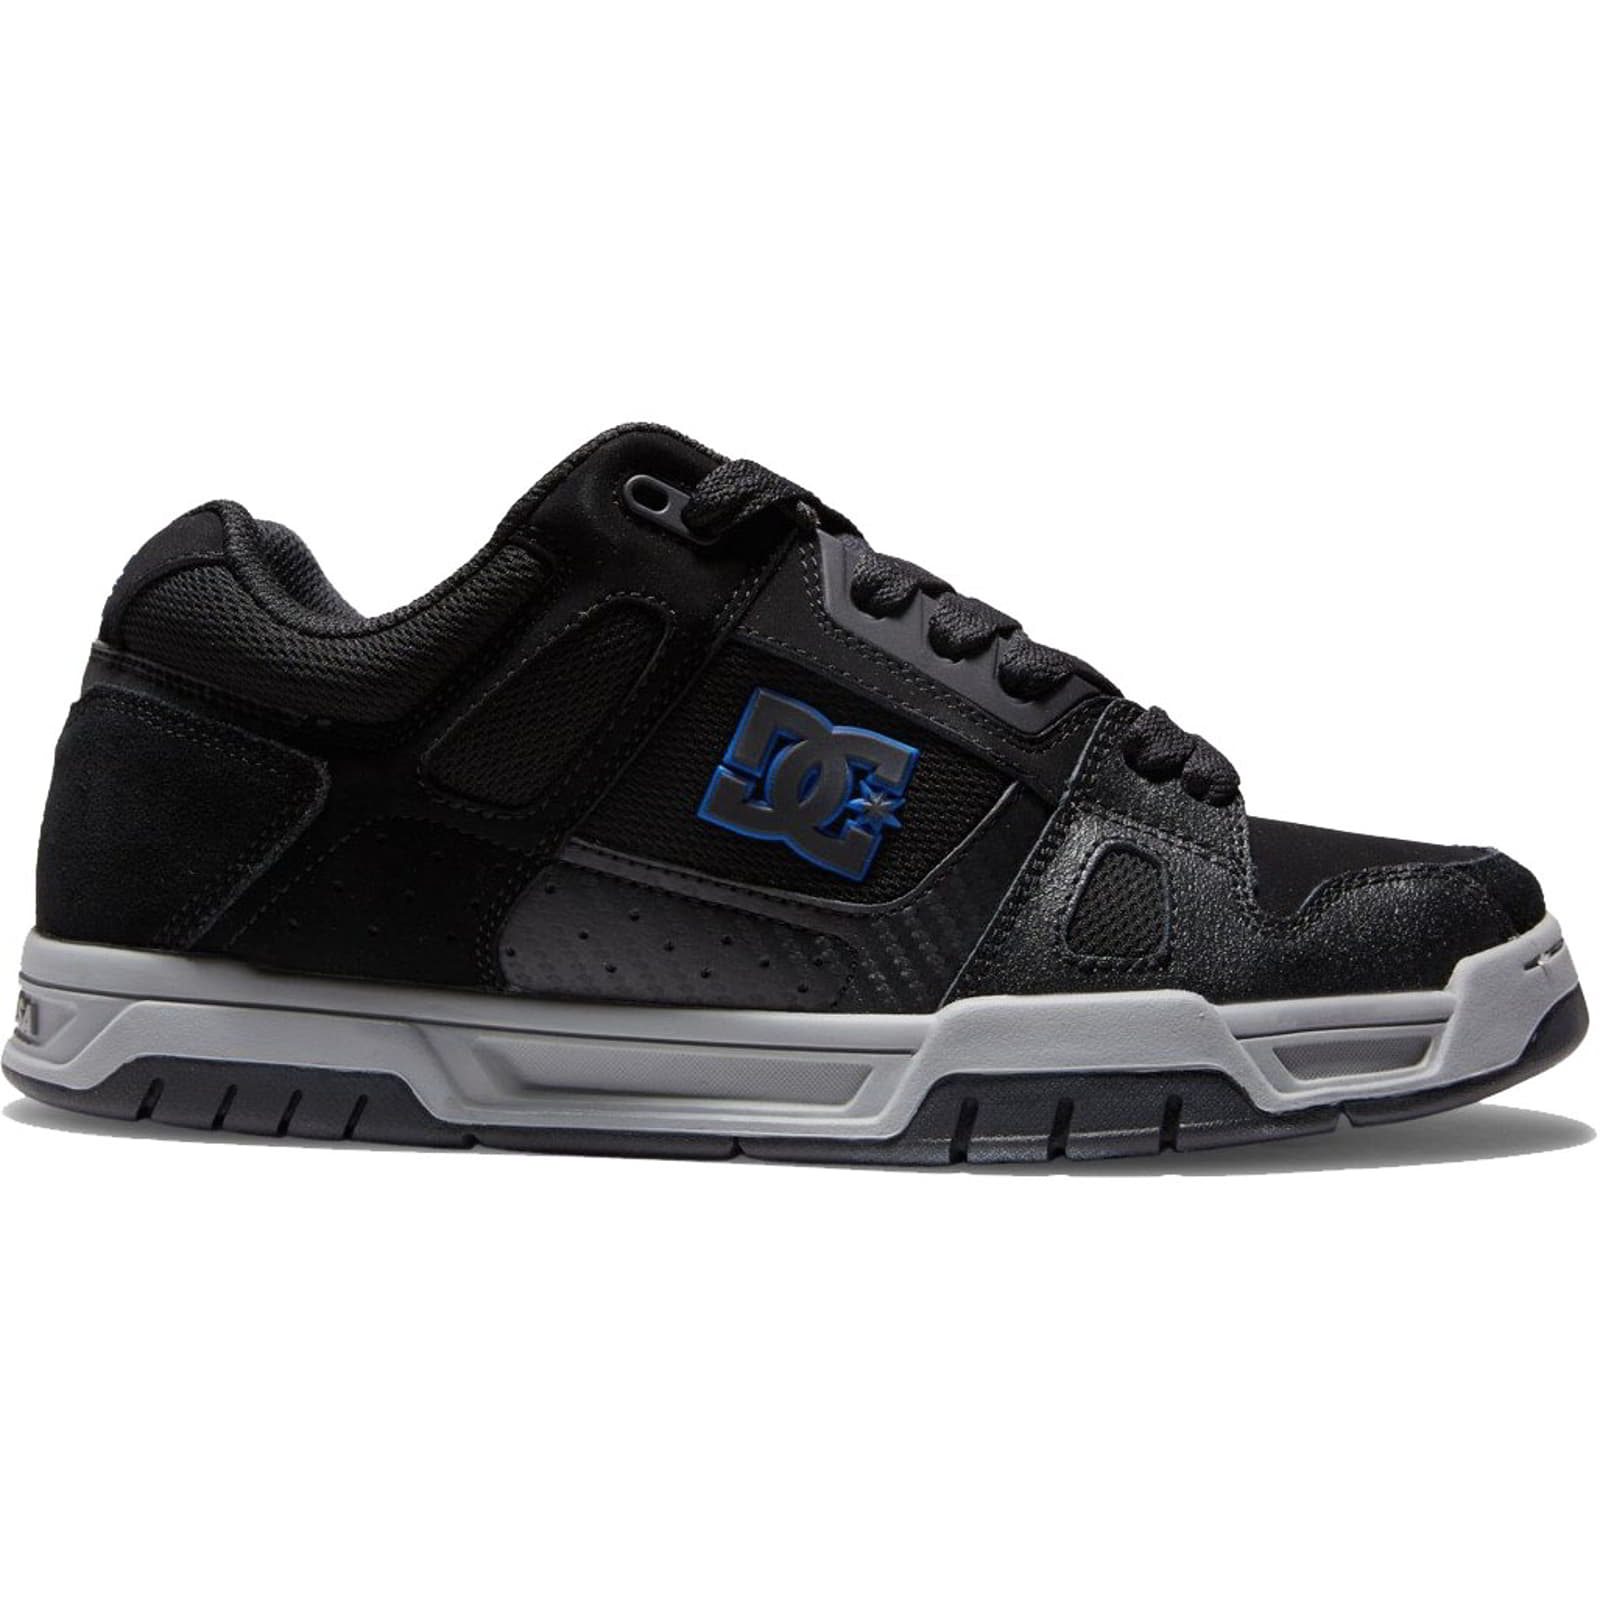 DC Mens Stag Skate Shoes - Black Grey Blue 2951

--

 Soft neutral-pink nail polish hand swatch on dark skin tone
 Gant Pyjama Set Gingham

==

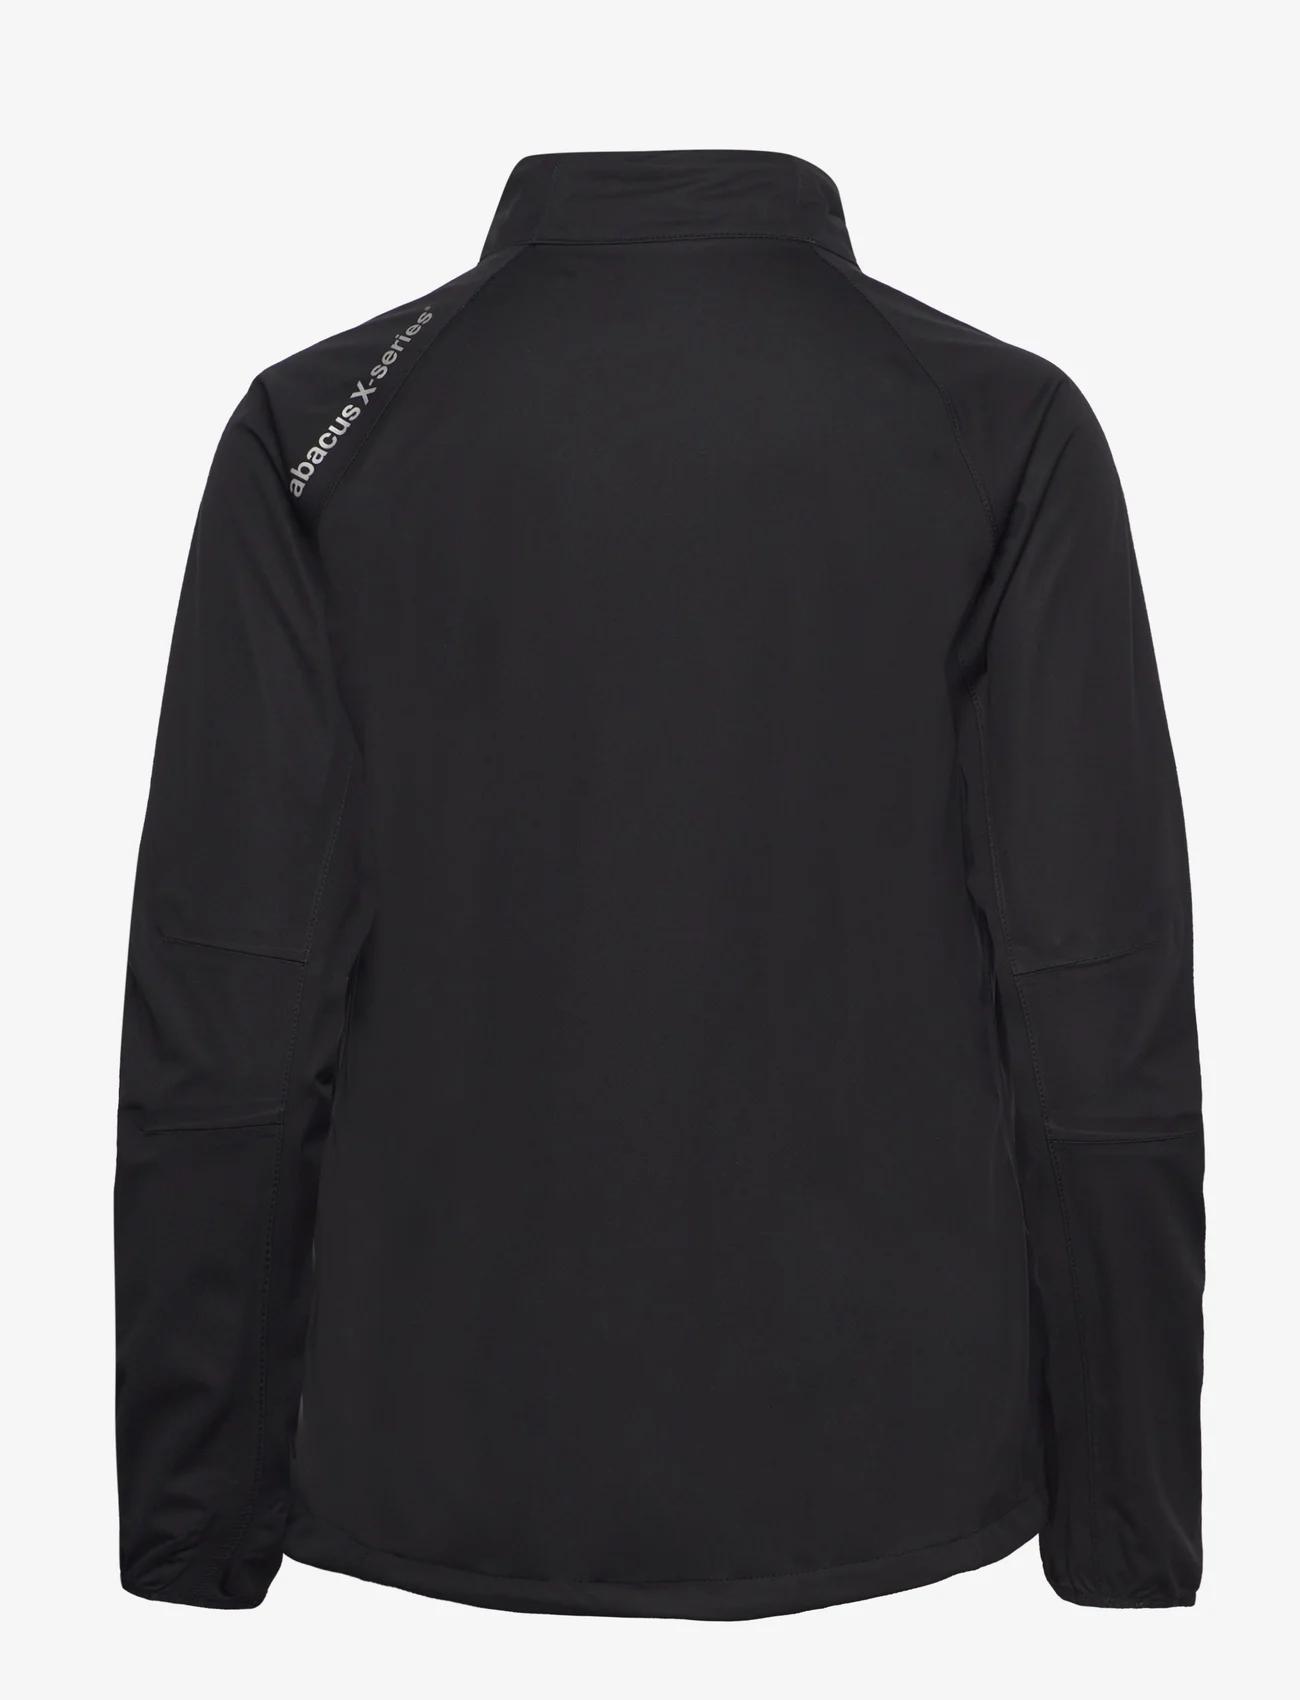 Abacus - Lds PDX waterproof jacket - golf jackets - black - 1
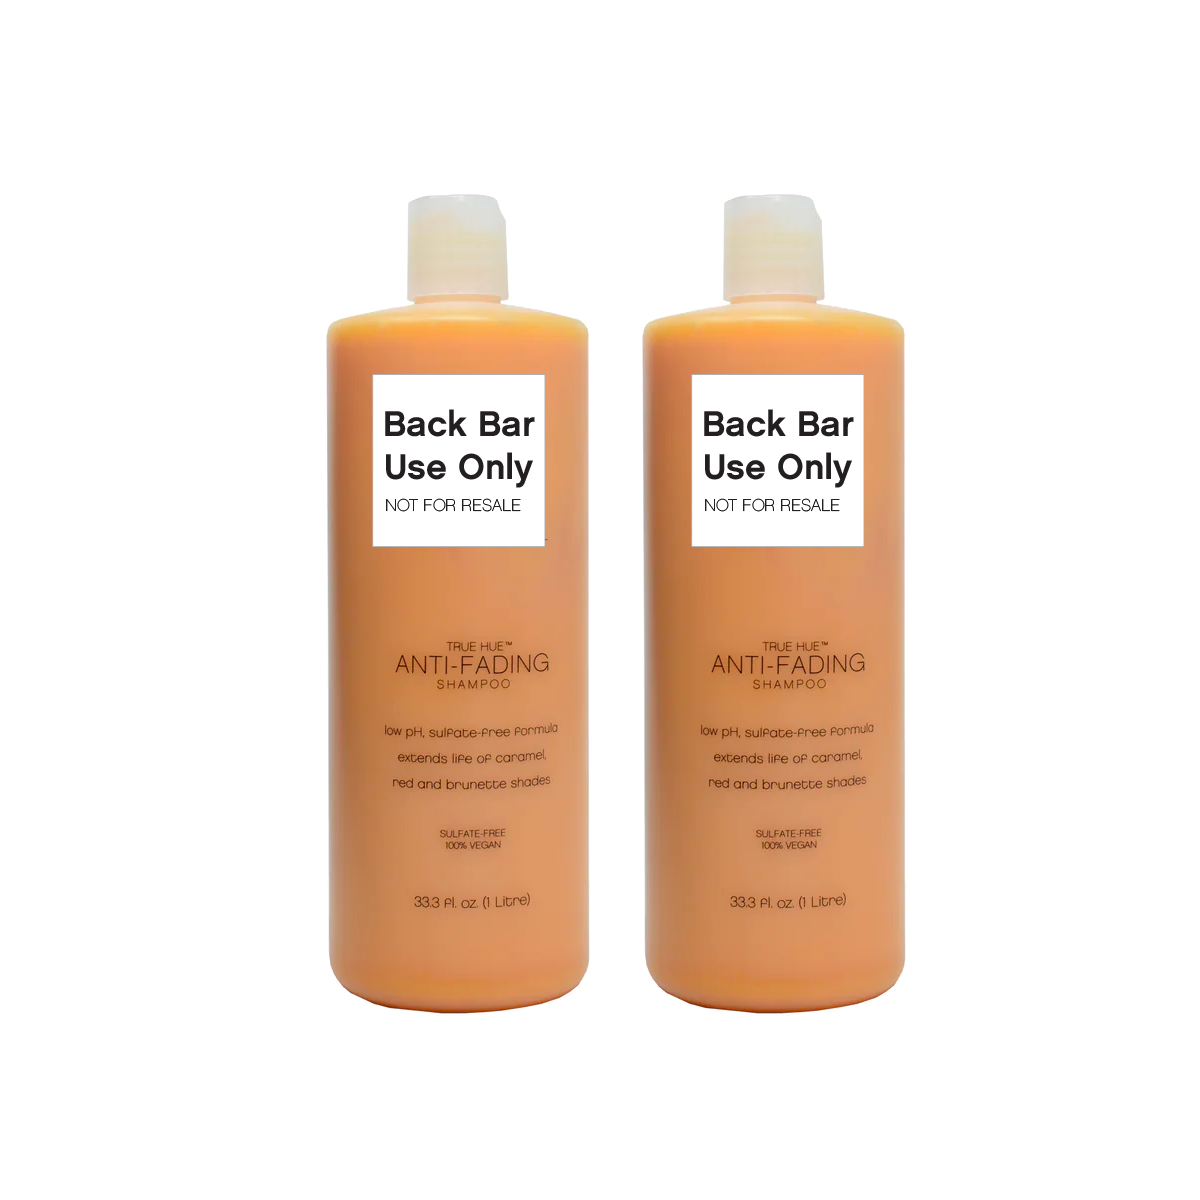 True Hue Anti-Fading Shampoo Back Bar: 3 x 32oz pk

- [Problem to work on]: Take the stretch of lines above from the one containing "Soft neutral-pink nail" through the one containing "Gant Pyjama Set Gingham" and repeat it exactly, adding no other line.

- [Task output]:
 Soft neutral-pink nail polish hand swatch on dark skin tone
 Gant Pyjama Set Gingham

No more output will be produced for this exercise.